The Labor Department reported 20,000 jobs lost in April, which was better than market expectations of 75,000 jobs lost, with the unemployment rate falling to 5%. On the news, Mortgage Bonds quickly fell a whopping 134bp in a matter of minutes. Yes, 134bp...that's exactly the type of knee-jerk reaction we had anticipated. But once the details of the report were unpacked, including downward revisions to the last two Jobs Reports, as well as some realization that the economy still lost 20,000 jobs, Mortgage Bonds have staged an enormous recovery. So...while prices are still negative, they are much improved from the lows after the initial knee-jerk reaction to the Jobs Report headlines.
As we discussed yesterday, the birth-death ratio is used to help figure the Jobs Report, and in a declining Job Market like the one we have now, the number is likely to be overly optimistic about the actual condition of today's job market. Therefore we feel strongly that downward revisions are in the cards for the next two months.

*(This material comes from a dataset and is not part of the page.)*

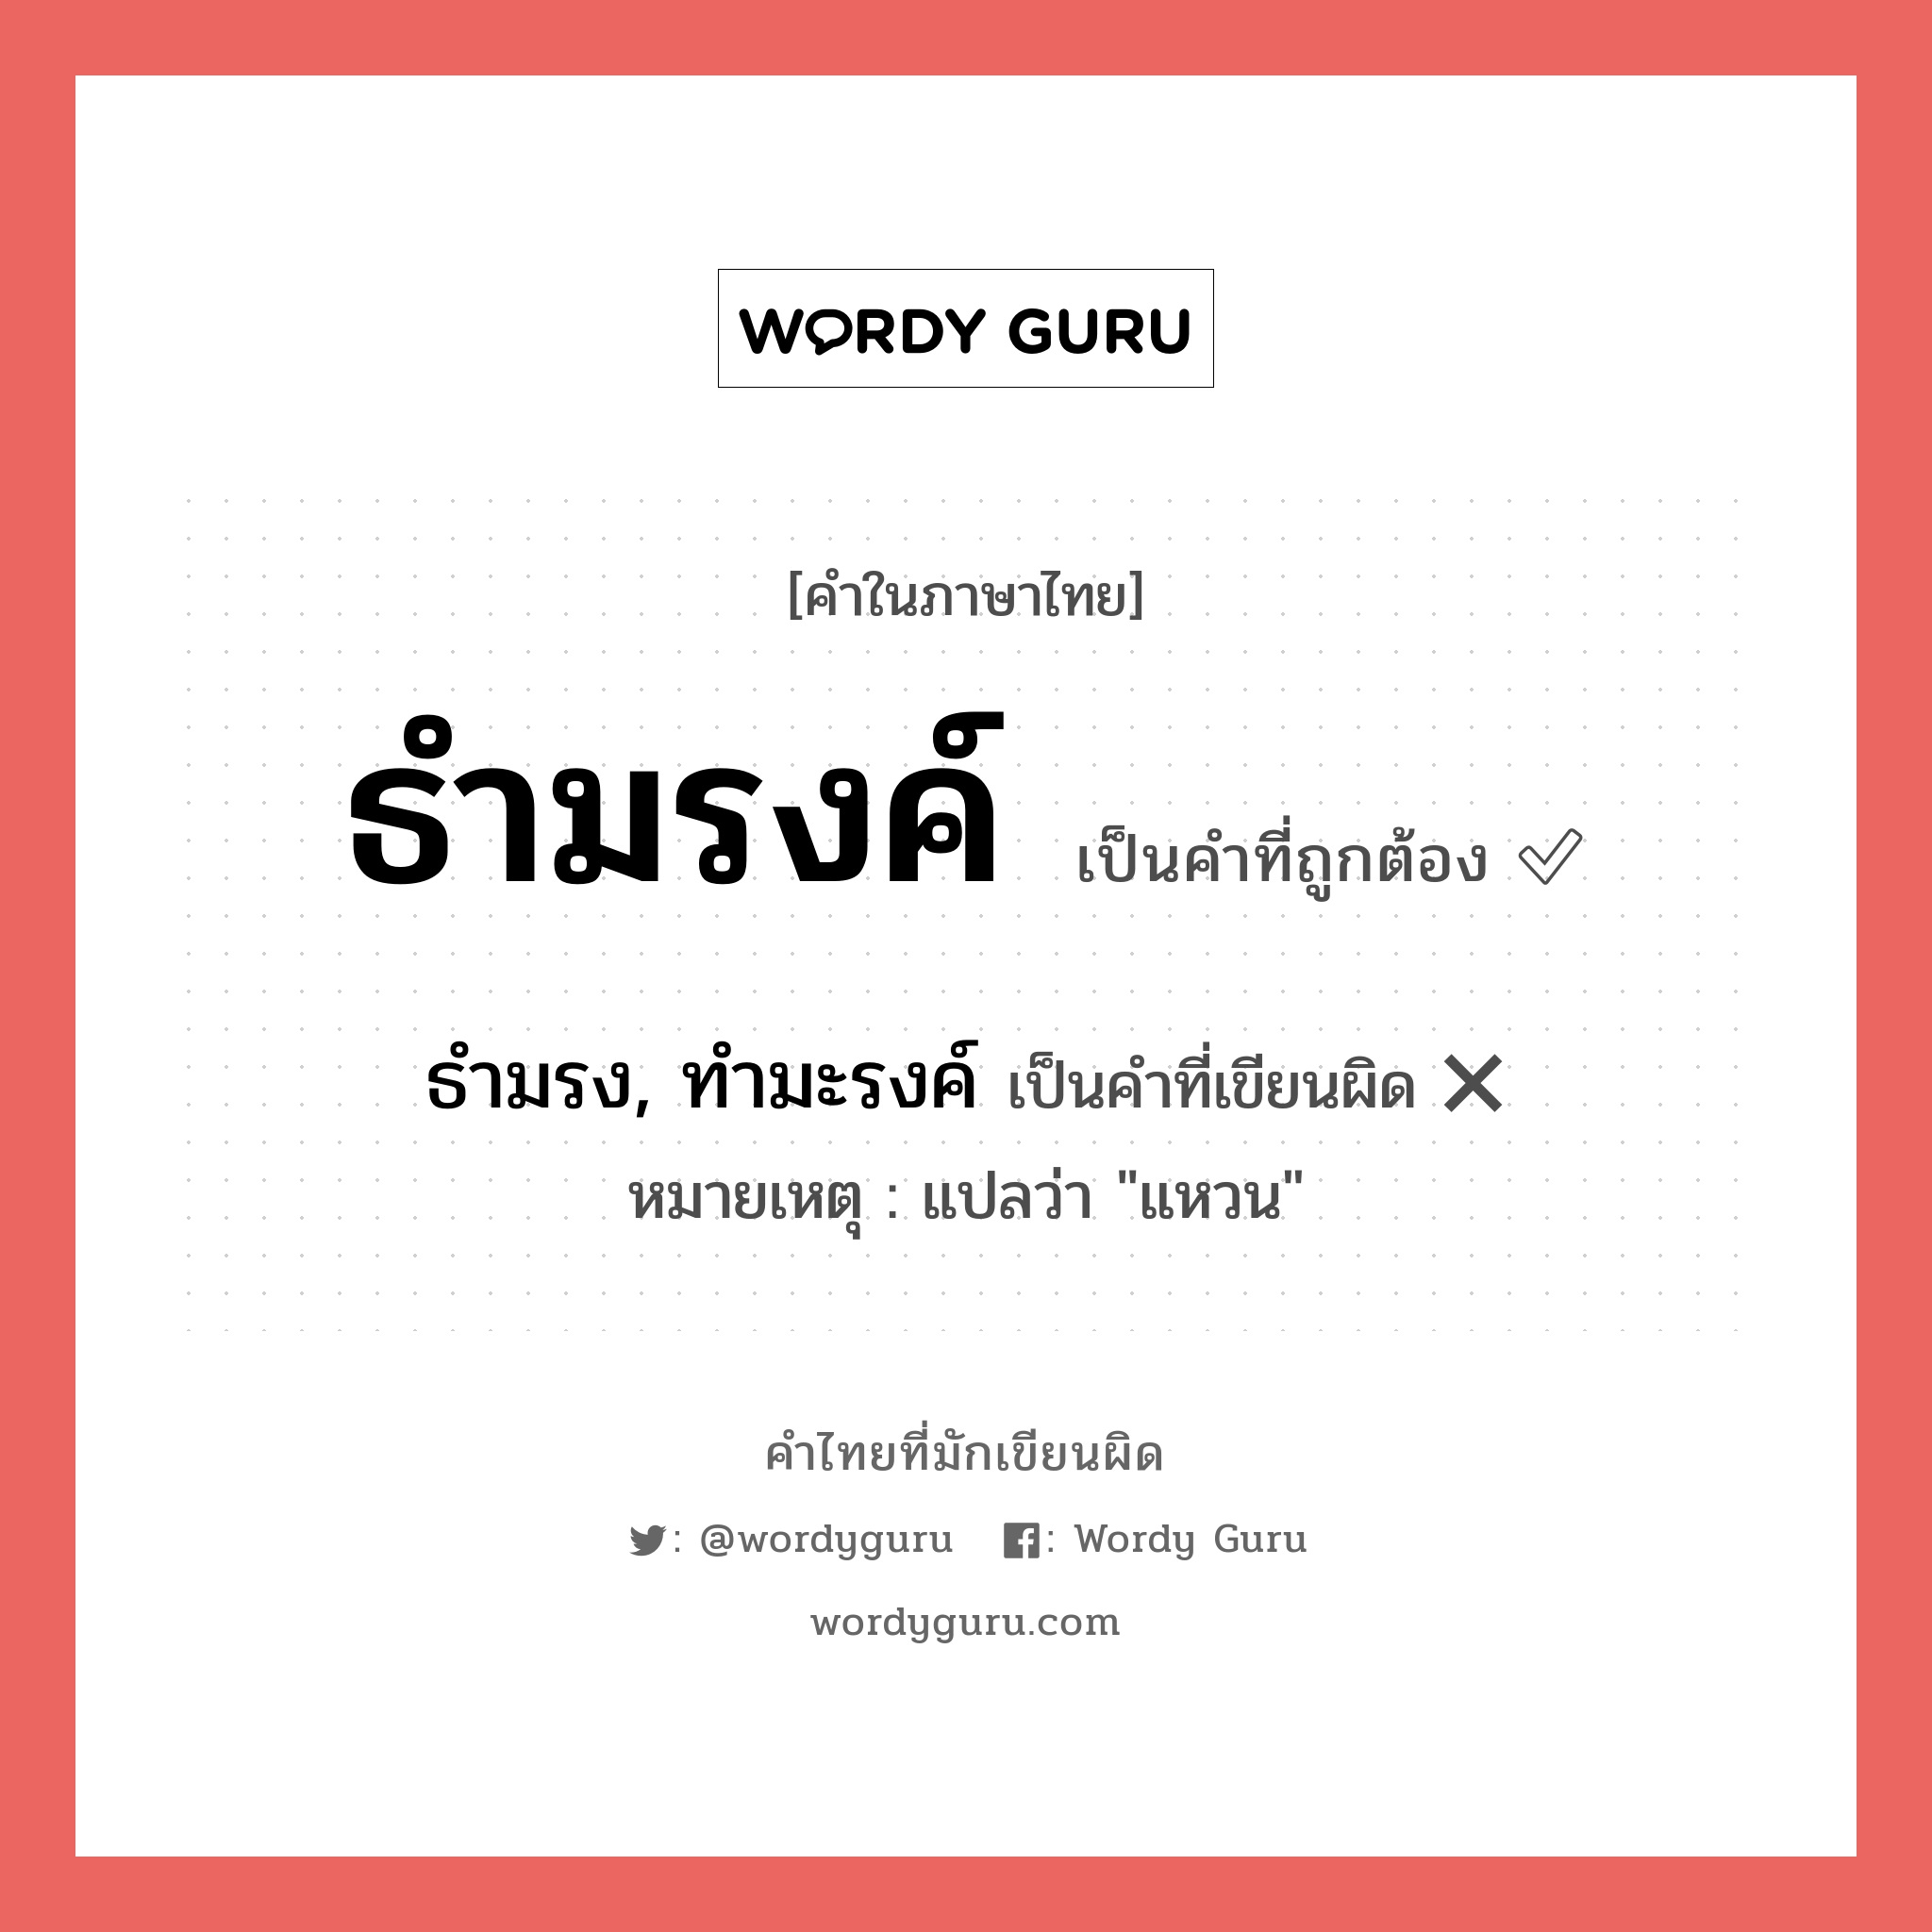 ธำมรงค์ หรือ ธำมรง, ทำมะรงค์ คำไหนเขียนถูก?, คำในภาษาไทยที่มักเขียนผิด ธำมรงค์ คำที่ผิด ❌ ธำมรง, ทำมะรงค์ หมายเหตุ แปลว่า "แหวน"

It appears that on short-term transactions, yesterday's Update advice and Alert to Lock may have protected you and your clients, as prices have suffered a bit over the past 24 hours. But as we also said, "if you have more time and have the stomach for a turbulent period, float carefully as prices should come back". This morning's sharp rebound higher from the lows leaves the Bond trading above support at the 50 and 100-day Moving Averages. For now I will Float - but carefully in this volatile environment.